Fluorspar (CaF₂) is commonly used to control the fluidity of slag in ladle-refining of steel. However, because it is desirable to reduce CaF₂ consumption because of its environmental impacts, the industrial waste material such as white mud (WM) was investigated as a potential substitute for fluorspar. Steel sample (Fe-0.3C-0.9Mn-0.3Si-0.03Al-0.05S, mass pct) was melted in a high-frequency induction furnace, followed by additions of ladle slag (CaO-Al₂O₃-SiO₂-5MgO-xCaF₂, CaO/Al₂O₃=3, x = 0 to 10 mass pct) and fluxing agent (WM) at 1823 K (1550 °C). The desulfurization experiments were carried out by reducing CaF₂ content in the ladle slag and increasing the addition of WM. Ladle slag with added WM showed an overall mass transfer coefficient of sulfur (k_O) equivalent to or higher than that of conventional 10 mass pct CaF₂-containing ladle slag. In a slag melting experiment based on DIN 51730 standard, the melting rate of mixed slag increased with the amount of WM added, which is considered to have a positive effect on the initial desulfurization rate. In addition, adding WM provided sulfide capacity of the slag equivalent to that of CaF₂-containing slag. Consequently, the use of WM yielded slag having \(k_{{\text{O}}}\) equivalent to or higher than that of conventional ladle slag with 10 pct CaF₂, and thus, WM shows promise as a partial replacement for fluorspar.

Introduction

It is generally accepted that the lower the viscosity of slag, the more positive its desulfurization effect in ladle-refining process.^[1] Putan et al.^[2] reported that steel–slag interfacial reaction rate decreased as the viscosity of the slag increased. Fluorspar (CaF₂) is one of the materials commonly used as a fluxing agent in ladle-refining stage to ensure a high liquid slag fraction of low viscosity. Thus, many researchers have studied the effects of CaF₂ upon the viscosity of slag,^{[3,4,5,6,7,8,9,10]} and have explained that the fluoride ion depolymerizes silicate networks, thereby increasing the fluidity of the slag.^[7,8,9] Park et al.^[9] measured the viscosity of CaO-SiO₂(-MgO)-CaF₂ slag and explained that the effect of CaF₂ upon slag viscosity can be understood to arise from a decrease in polymerization degree by F⁻ ions and reported that the effect of CaF₂ upon viscosity was significant in the highly basic multiphase (i.e., solid + liquid coexisting) system. Kim and Park^[10] observed that the viscosity of low-silica (SiO₂ ≤ 10 mass pct) calcium aluminosilicate melts having fixed contents of MgO (5 mass pct), representing the Al-killed slag, decreased with increasing basicity (CaO/SiO₂ or CaO/Al₂O₃) and that the addition of a small quantity of CaF₂ (5 mass pct) liberated the [SiO₄]⁴⁻ silicate unit from the aluminate network and thereby decreased the slag viscosity. However, the additional effect was insignificant when more than 10 mass pct CaF₂ was added.

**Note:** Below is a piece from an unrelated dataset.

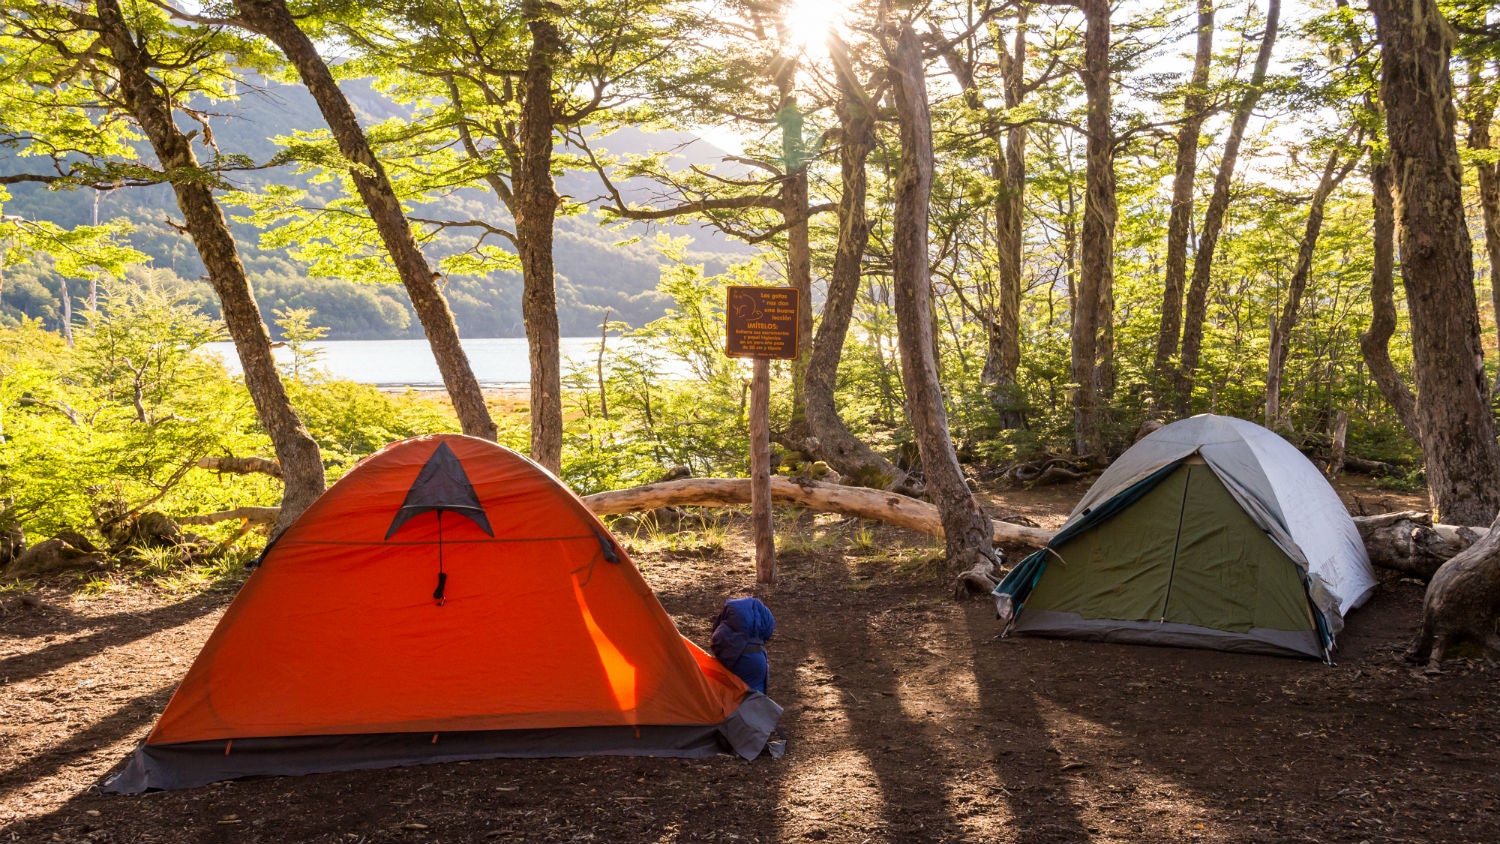 Find the Best Campsite With 7 Tips From Campers Like You

Alternatively, the researchers have studied the melting properties of slag with added CaF₂.^[3,11,12] In general, as CaF₂ is added, the melting point of the slag decreases.^[3] Suk and Park^[11] performed a slag melting experiment using a cylindrical slag samples (CaO-SiO₂-MgO-CaF₂, 3 mm × 3 mm) based on the DIN 51730 standard method and observed that the sample height decreased more rapidly as the CaF₂ content was increased. Wang et al.^[12] performed a slag melting experiment using a cylindrical slag sample (CaO-SiO₂-Fe₂O₃-CaF₂, 3 mm × 3 mm), measuring the hemisphere temperature (T_h), at which the height of the slag sample was reduced to half its original height, and the flow temperature (T_f), at which the height of sample was reduced to one-third its original height. They observed that both T_h and T_f decreased with additional CaF₂.

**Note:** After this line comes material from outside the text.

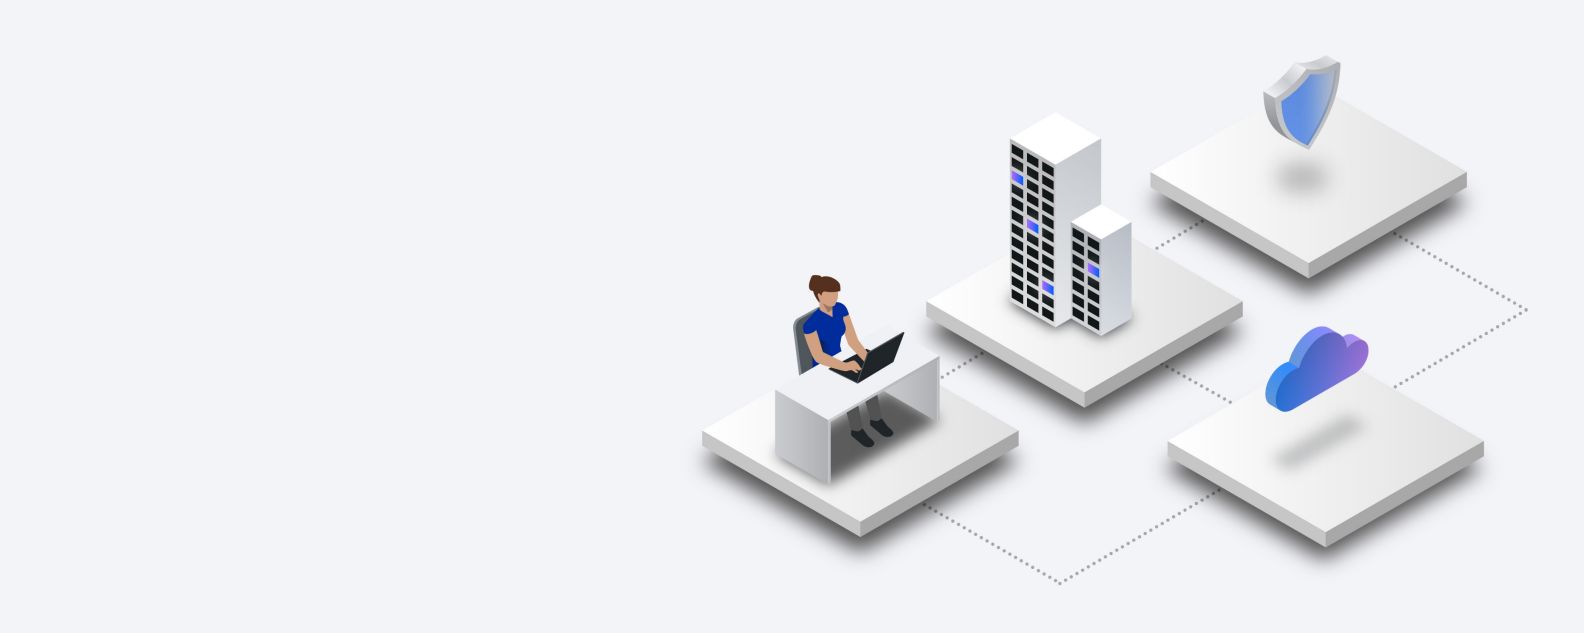 illustration of person at desk and connected to platforms representing computer servers, cloud technology and cyber security

However, the addition of CaF₂ can further accelerate refractory degradation.^{[11,12,13,14]} Han et al.^[13] investigated refractory degradation and slag penetration depending on CaF₂ content by using CaO-Al₂O₃-SiO₂-MgO-xCaF₂ (x = 0 to 15 mass pct) slag at 1823 K (1550 °C). As the content of CaF₂ increased, detachment of MgO grains was observed, and the slag penetration into the refractory increased. It was concluded that the addition of CaF₂ reduced the viscosity of the slag, which accelerated the erosion of the refractory material. Also, penetrated slag containing CaF₂ reacts with the refractory binder and detaches MgO grains, damaging the refractory material. Park et al.^[11,14] found that when CaF₂ was added to calcium silicate slag, the slag fluidity increased, and that the CaF₂ accelerated the corrosion of zirconia and magnesia refractories by promoting dissolution of the intermediate CaZrO₃ and of MgO.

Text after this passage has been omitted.